Em contato anterior com a Ponte, um dos advogados que atuam em favor do ex-policial já havia contestado o acórdão do TJ-SP que determinou a realização de um novo júri popular. “Eles [os desembargadores do TJ-SP] não analisaram, por exemplo, que no carro do Adriano não tinha nenhum vestígio de DNA da vítima, não tinha nenhuma impressão papilar, nenhuma digital da vítima”, declarou Mauro da Costa Ribas Júnior. “Eles não analisaram que é impossível o Adriano estar na Avenida Cupecê às 2h09 e às 2h12 estar cometendo crime na Avenida Alba, em Diadema.”

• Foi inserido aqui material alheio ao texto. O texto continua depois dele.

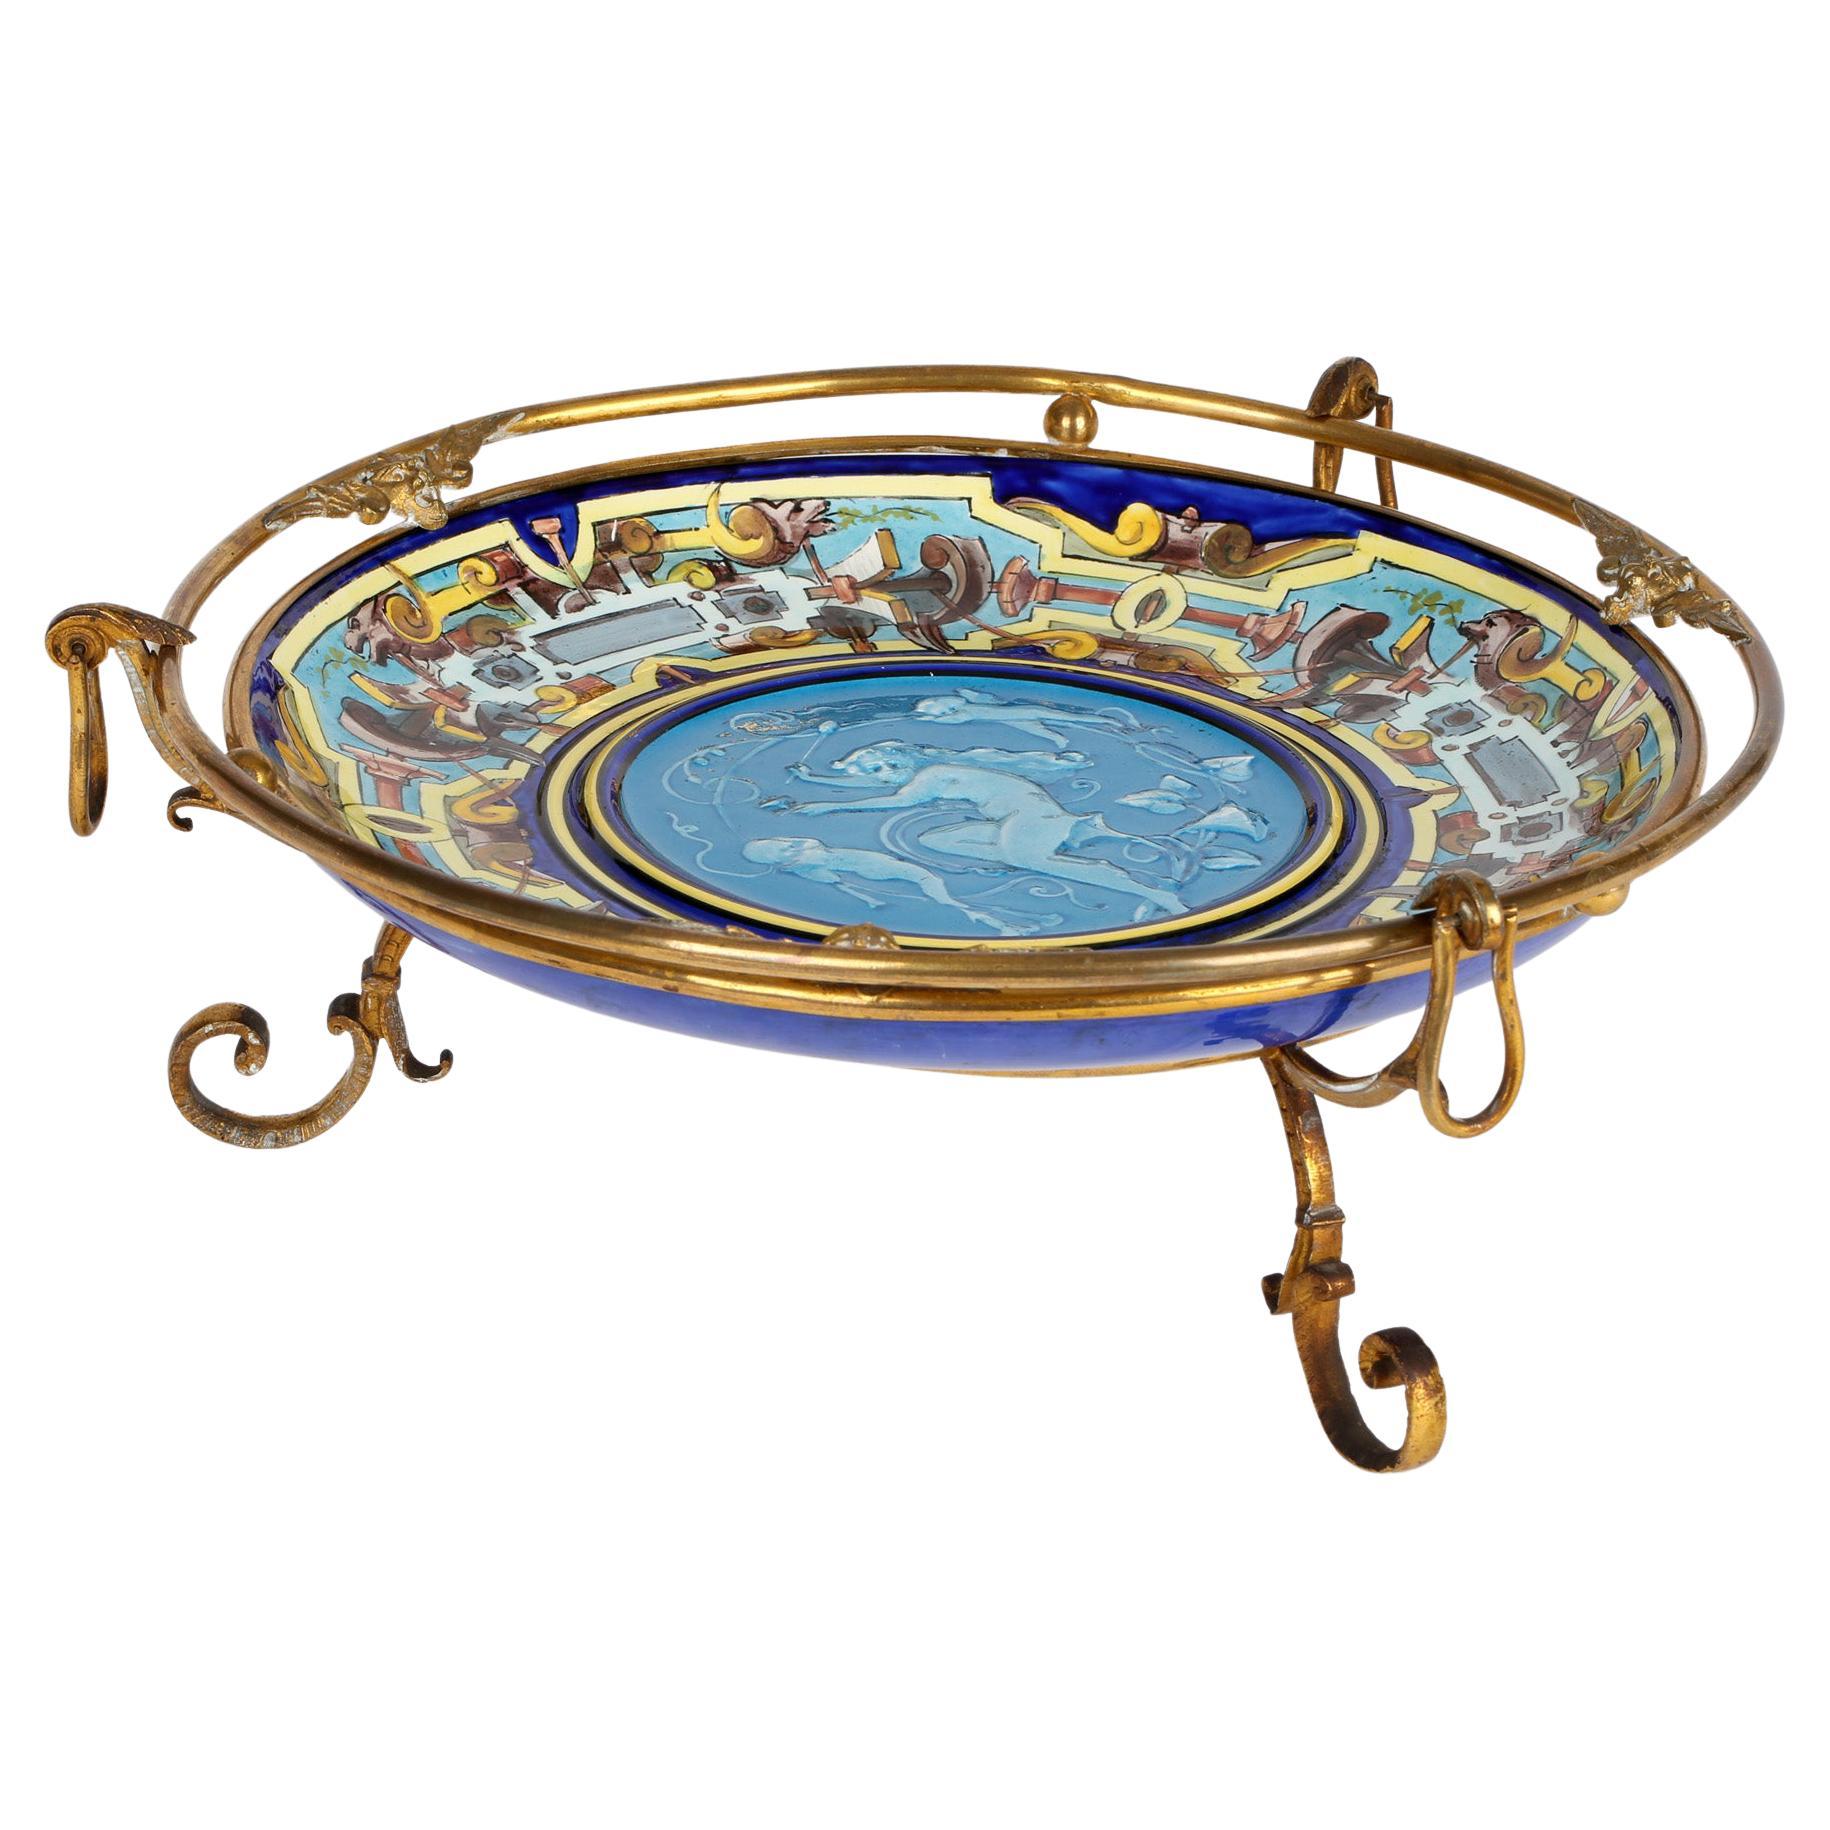 Théodore Deck Attributed French Ormolu Mounted Majolica Tazza

O advogado também sustentou à época que Adriano é inocente e que isso se comprovou no primeiro julgamento, já que os jurados entenderam que ele não foi o autor dos disparos e o absolveram.
O defensor havia dito ainda, em um outro contato com a Ponte, que a expulsão de Adriano da PM foi injusta e abusiva, por ele não fazer uso da estrutura da corporação para a atividade de segurança privada. “Na verdade, o Adriano ajudava o pai dele, numa empresa que era do pai do irmão falecido, e não era dono de nada, não era responsável por nada. Ele simplesmente estava lá para dar uma força para o pai dele, que é o verdadeiro dono da empresa e fazia os contratos e tudo mais”, afirmou.